Check if text length falls within the optimal range.

Content Extraction

Functions for extracting headers, links, and images from markdown and HTML content.


source

extract_headers


def extract_headers(
    file_path:str, # Path to markdown file
)->list:

Extract all headers with their level, line number, content, and length.

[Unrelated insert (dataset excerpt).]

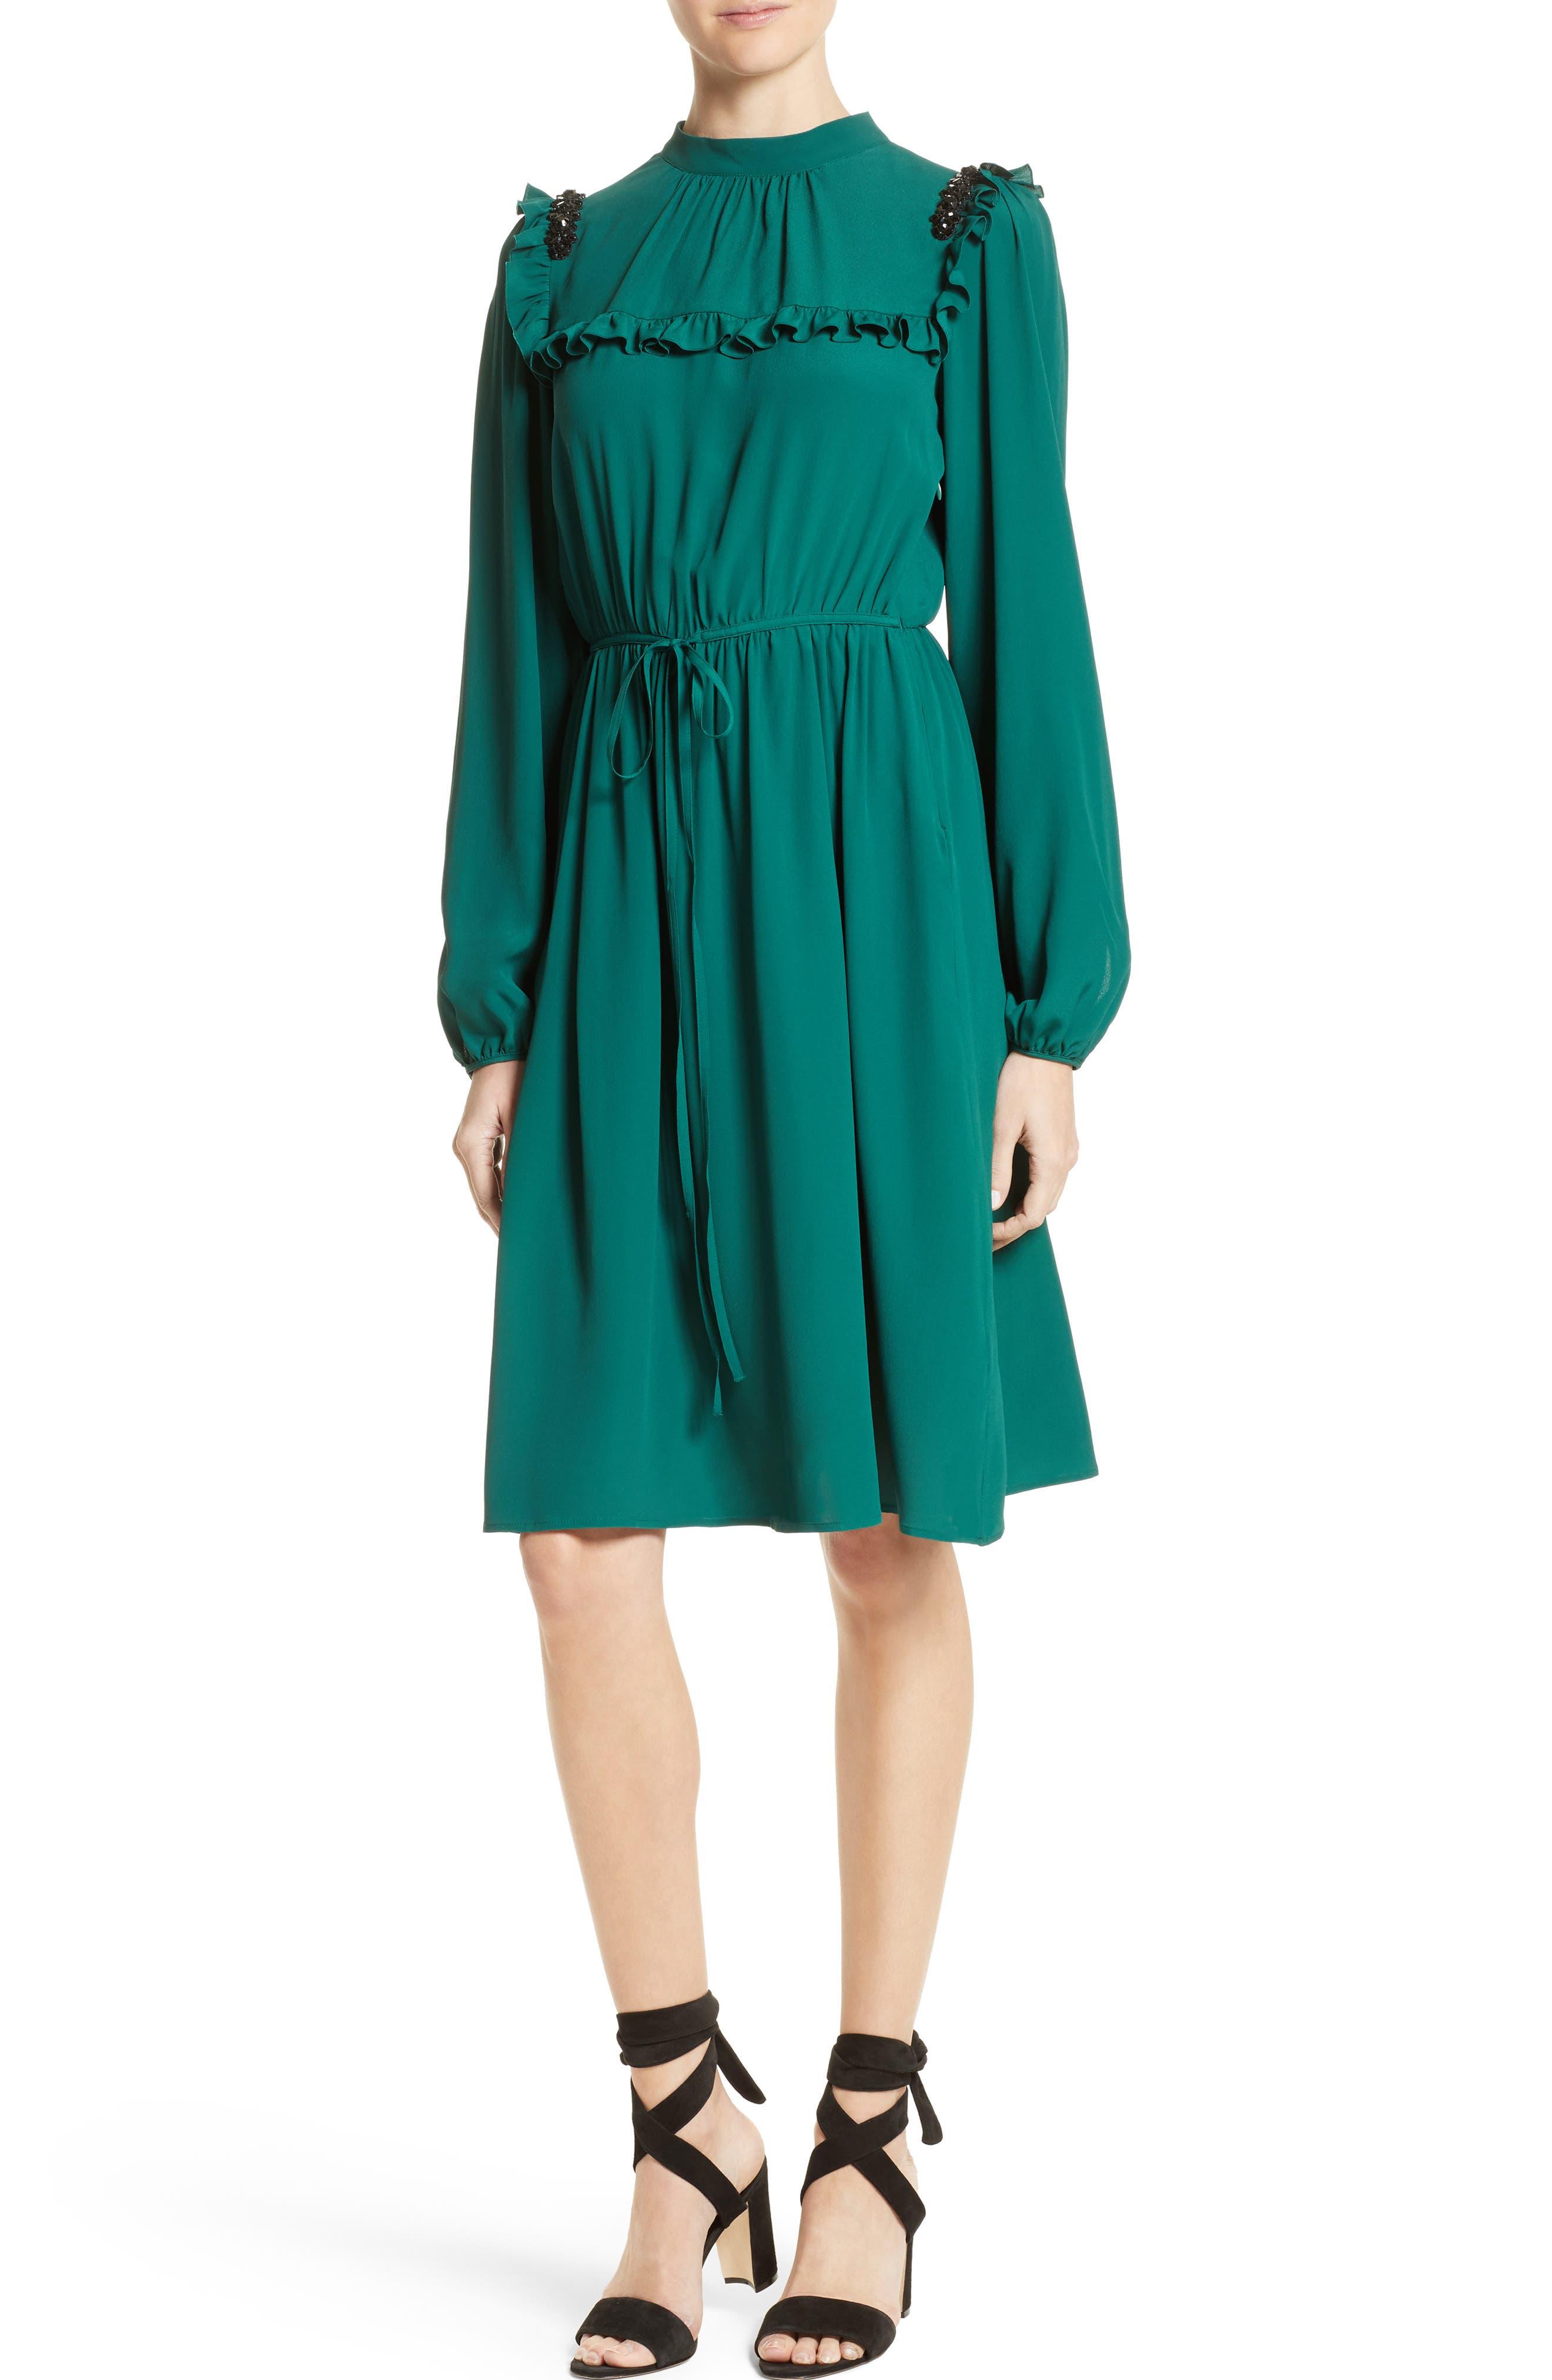 Crystal Embellished Ruffle Dress,                         Main,                         color, 300

headers = extract_headers(str(sample_dir / "example.md"))
test_eq(len([h for h in headers if h["type"] == "h1"]), 2)
test_eq(headers[0]["content"], "This is me Kareem")

source

extract_images


def extract_images(
    content:str, # Markdown or HTML content
)->list:

Extract images with alt text from markdown and HTML.


source

imgs_missing_alts


def imgs_missing_alts(
    images:list, # List of image dicts from [`extract_images`](https://abdelkareemkobo.github.io/seo_rat/content_parser.html#extract_images)
)->list:

Return URLs of images missing alt text.

images = extract_images(content)
test_eq(len(images), 1)
test_eq(images[0]["alt_text"], "Iron man photo")

Text Utilities

General-purpose text normalization and analysis helpers.


source

normalize_text


def normalize_text(
    text:str, # Text to normalize
)->str:

Normalize text by collapsing extra whitespace.


source

detect_phone_numbers


def detect_phone_numbers(
    text:str, # Text to search
)->list:

Extract phone numbers from text.

phones = detect_phone_numbers(content)
test_eq("+966503139675" in phones, True)

source

calculate_similarity


def calculate_similarity(
    text1:str, # First text
    text2:str, # Second text
)->float:

Calculate similarity ratio between two texts using SequenceMatcher.

File Utilities

Helpers for finding and reading markdown and notebook files.


source

get_file_paths


def get_file_paths(
    pattern:str, # Glob pattern (e.g. '**/*.md')
)->list:

Get file paths matching a glob pattern.


source

get_file_name


def get_file_name(
    file_path:str, # Path to file
)->str:

Extract filename without extension from a path.


source

get_page_content


def get_page_content(
    file_path:str, # Path to markdown or notebook file
    is_quarto:bool=False, # Whether the notebook is a Quarto doc
)->str:

Read a file and return its text content, stripping frontmatter.


source

get_markdown_files


def get_markdown_files(
    directory:str, # Directory to search
)->list:

Get all markdown filenames (without extension) from a directory.

Arabic Slug Utilities

Helpers for converting Arabic filenames to URL-friendly slugs.


source

arabic_to_slug


def arabic_to_slug(
    text:str, # Arabic text to convert
)->str:

Convert Arabic text to a URL-friendly slug.


source

map_files_to_slugs


def map_files_to_slugs(
    directory:str, # Directory containing Arabic markdown files
)->dict:

Map markdown filenames to their URL slugs.